DR. CRAIG NEWSCHAFFER: Well, I’m also involved in a study that is of the other design I talked about, the retrospective design, where we have existing kids who are diagnosed in a large comparison group. This is a collaborative study with multiple sites around the country funded by the Centers for Disease Control and prevention. While we do have the challenges of looking at exposures retrospectively, it’s a very large study. And what we have been able to accomplish is we do have the genetic samples.

So that is a large sample where we have both the genetic information on the families and environmental information. And that’s going to allow us to do some very exciting things, looking for how genetic susceptibility and environmental exposure interact. So it’s another initiative that I’m involved in.

And then I mentioned the National Children’s Study, which was a prospective study, general population sample. We’re working with the National Children’s Study, which is just in its early stages, to try to help them figure out how in this sample, 100,000 families all around the United States — how are we going to most efficiently and effectively follow the kids in that general population sample for autism-spectrum disorders? It’s a challenge because the way we diagnose autism in research studies is very intensive, requires a lot of time, a lot of careful interviewing and direct observation. So we’re trying to see whether we can find a more efficient way for a study like that to identify autism cases. And those methods would be useful for other large birth-cohort studies like that around the world.

ROBERT MACNEIL: So you’re looking, really, ahead a decade or so before these large studies can produce usable results.

DR. CRAIG NEWSCHAFFER: Well, I think the high-impact, fully powered meaning that we have enough subjects that maximize our statistical ability to detect real effects are down the line. I do think though that there are going to be some things that we can do that are going to inform our thinking about the mechanisms underlying autism.

In the EARLI study, which is the study of the high-risk siblings, where we’re actually doing the data collection during pregnancy. As mentioned, I said we do biologic samples. So we get things like blood and urine from them at multiple time points. Well, in the blood samples, we can obviously look at maternal DNA. And one area of research that’s of a lot of interest in autism is this area called epigenetics. May have been mentioned by other folks–

ROBERT MACNEIL: Beyond the genetics?

DR. CRAIG NEWSCHAFFER: Beyond the genetics. When we think about genetic risk factors, we tend to think about that alphabet, that DNA alphabet, that code in our genes that programs what our cells do. Critically important.

But it turns out there’s another sort of system overlying our DNA that influences how our genes are expressed. And that’s epigenetics. There are actual chemical groups that are attached to our DNA that may turn off, turn on how those genes are expressed. And there’s much interest in a lot of complex diseases. There’s a lot of interest in these epigenetic mechanisms.

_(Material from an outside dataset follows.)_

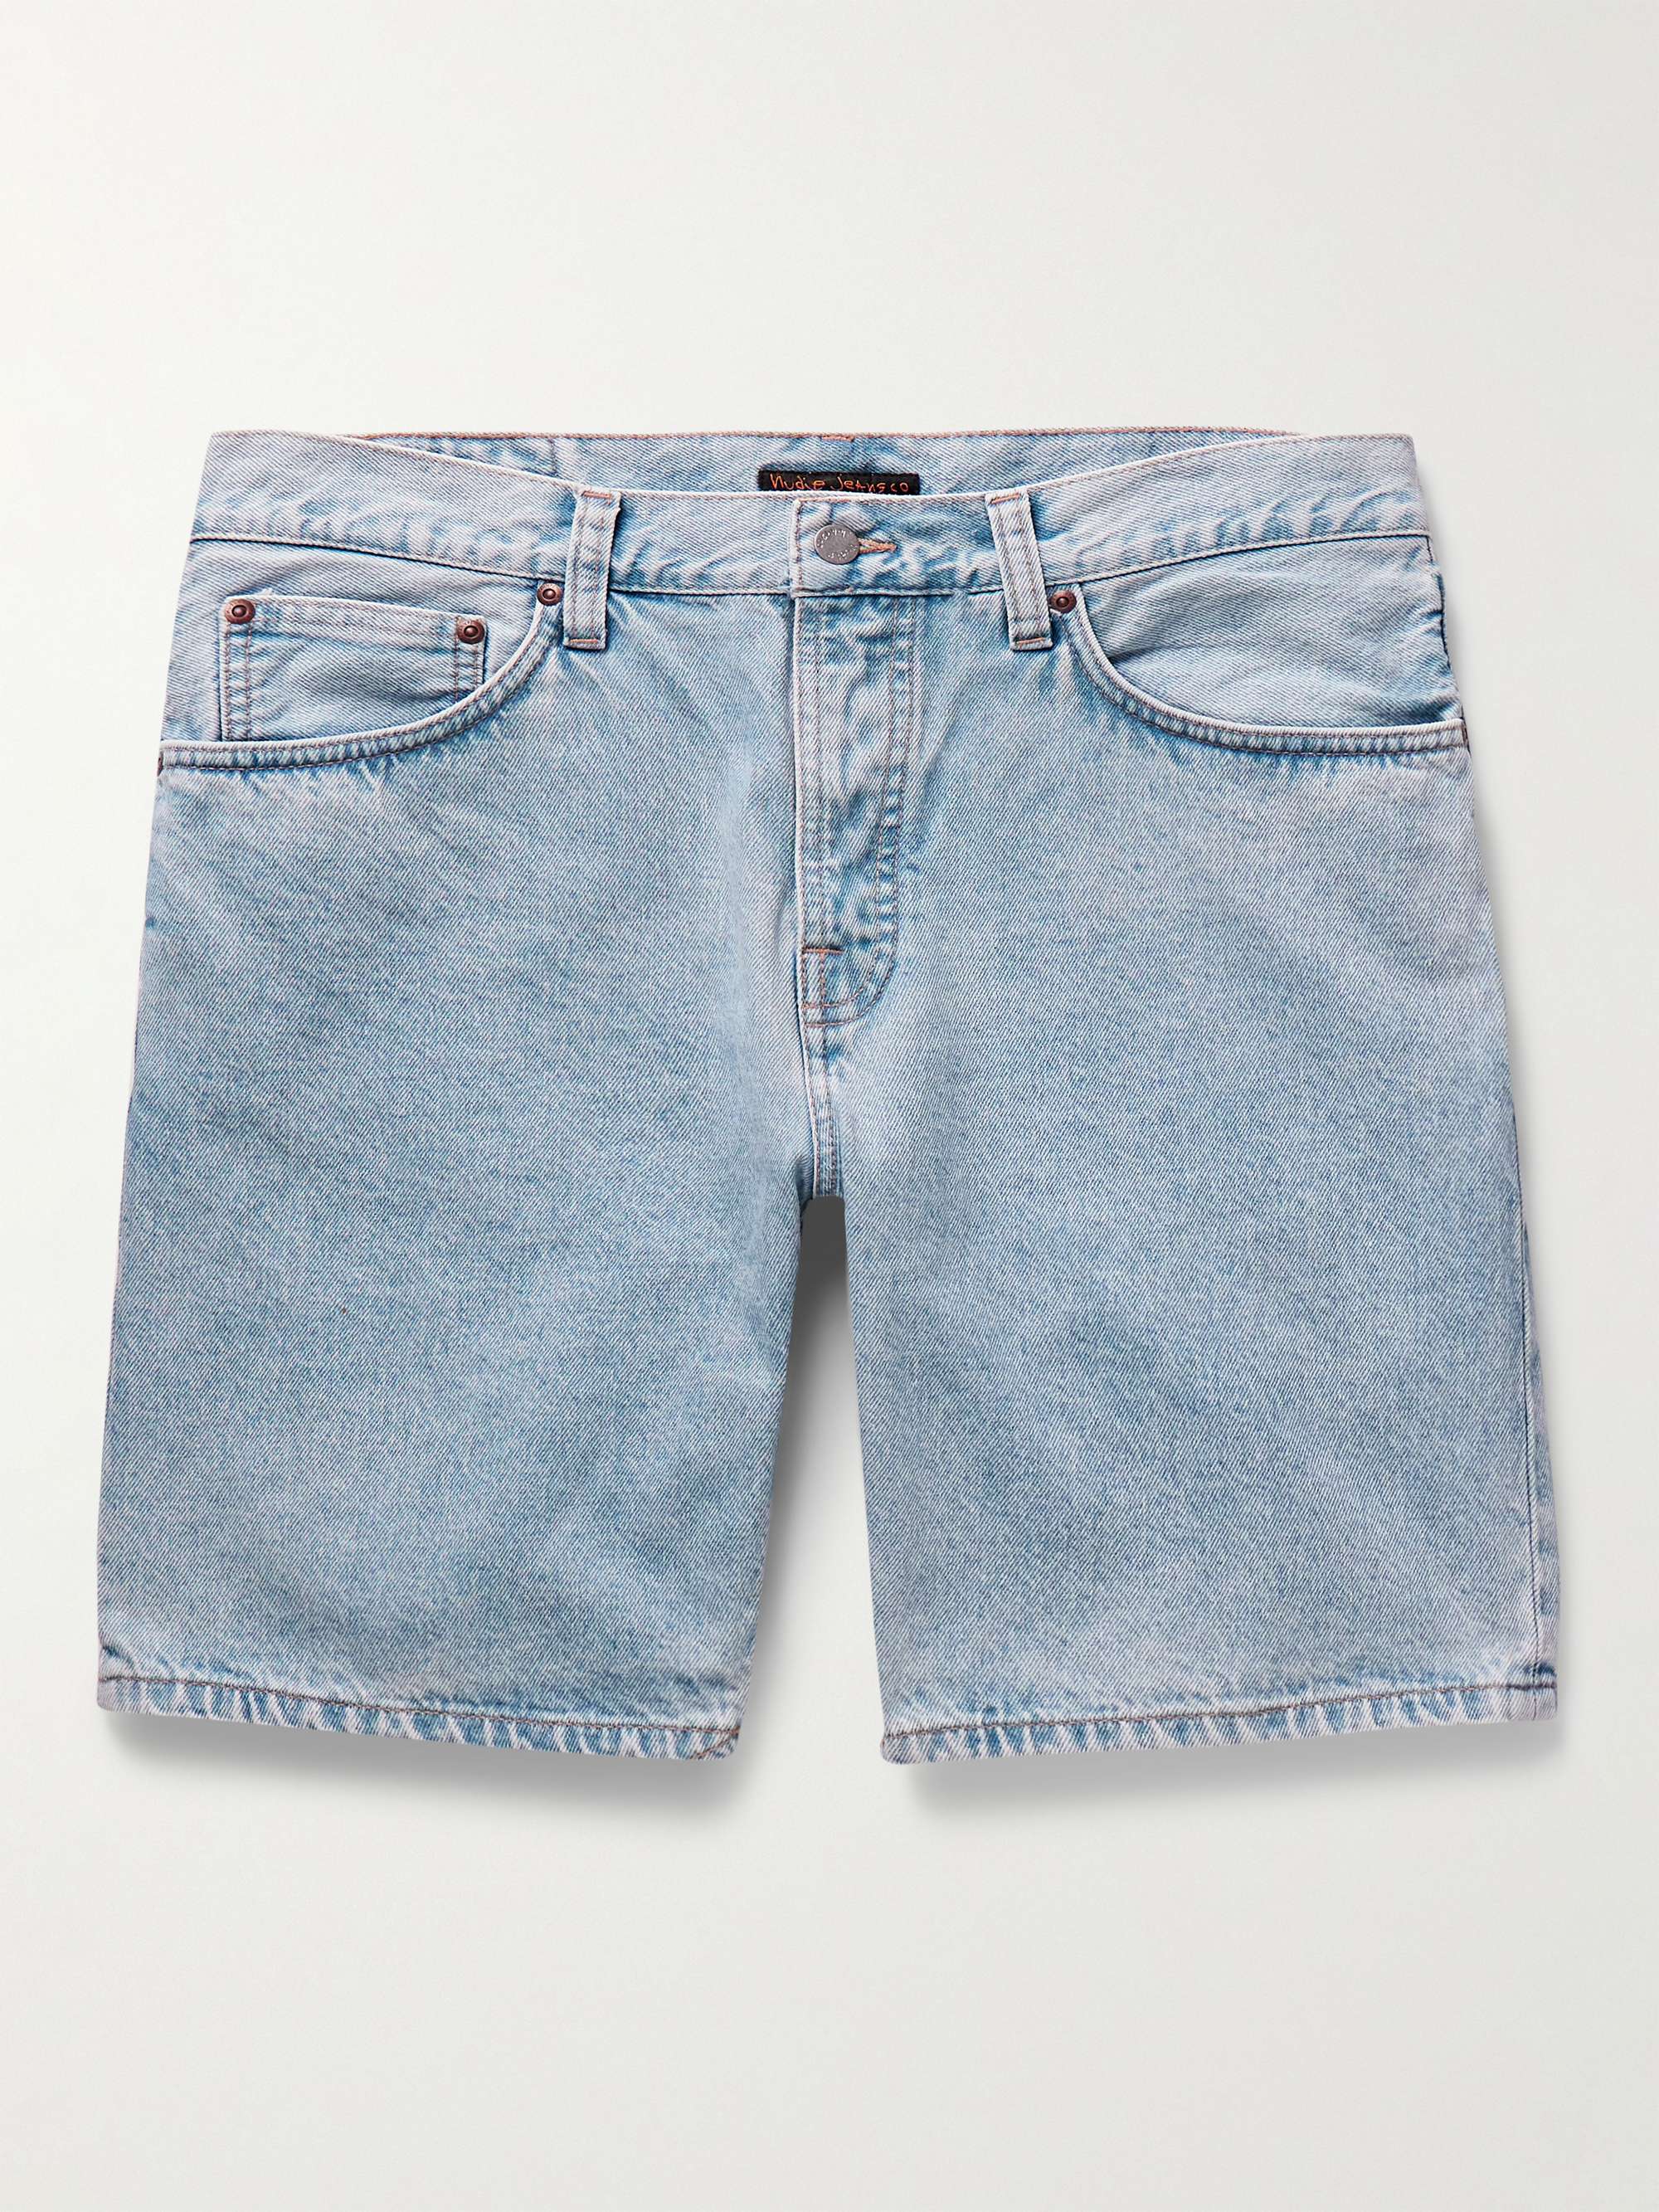 Nudie Jeans Seth Straight-Leg Denim Shorts - Men - Light Denim Shorts - XXL

And one of the things about epigenetic mechanisms that’s really interesting is while the DNA code is mutable, you have epigenetic marks that can change over the course of a lifetime and may affect gene expression and the way our genes influence who and what we are, and what diseases we have differently over time. So one of the things that we can do in the EARLI study with smaller samples and even before we’ve necessarily followed the babies fully to outcome is we’re going to look at whether or not we see the epigenetic patterns in the mom changing over the pregnancy period. It’s an unknown.

If it does, it might suggest that there might be certain periods in pregnancy where epigenetic patternings might make mom more or less susceptible to environmental exposures. And also environmental exposures may influence the laying down of this epigenetic pattern. So that sort of descriptive work on those samples over pregnancy is something that we plan on doing this year, as a matter of fact. And while it doesn’t directly address an autism risk factor, yes or no, per se, it’s important work for developing leads for this field of epigenetics and autism.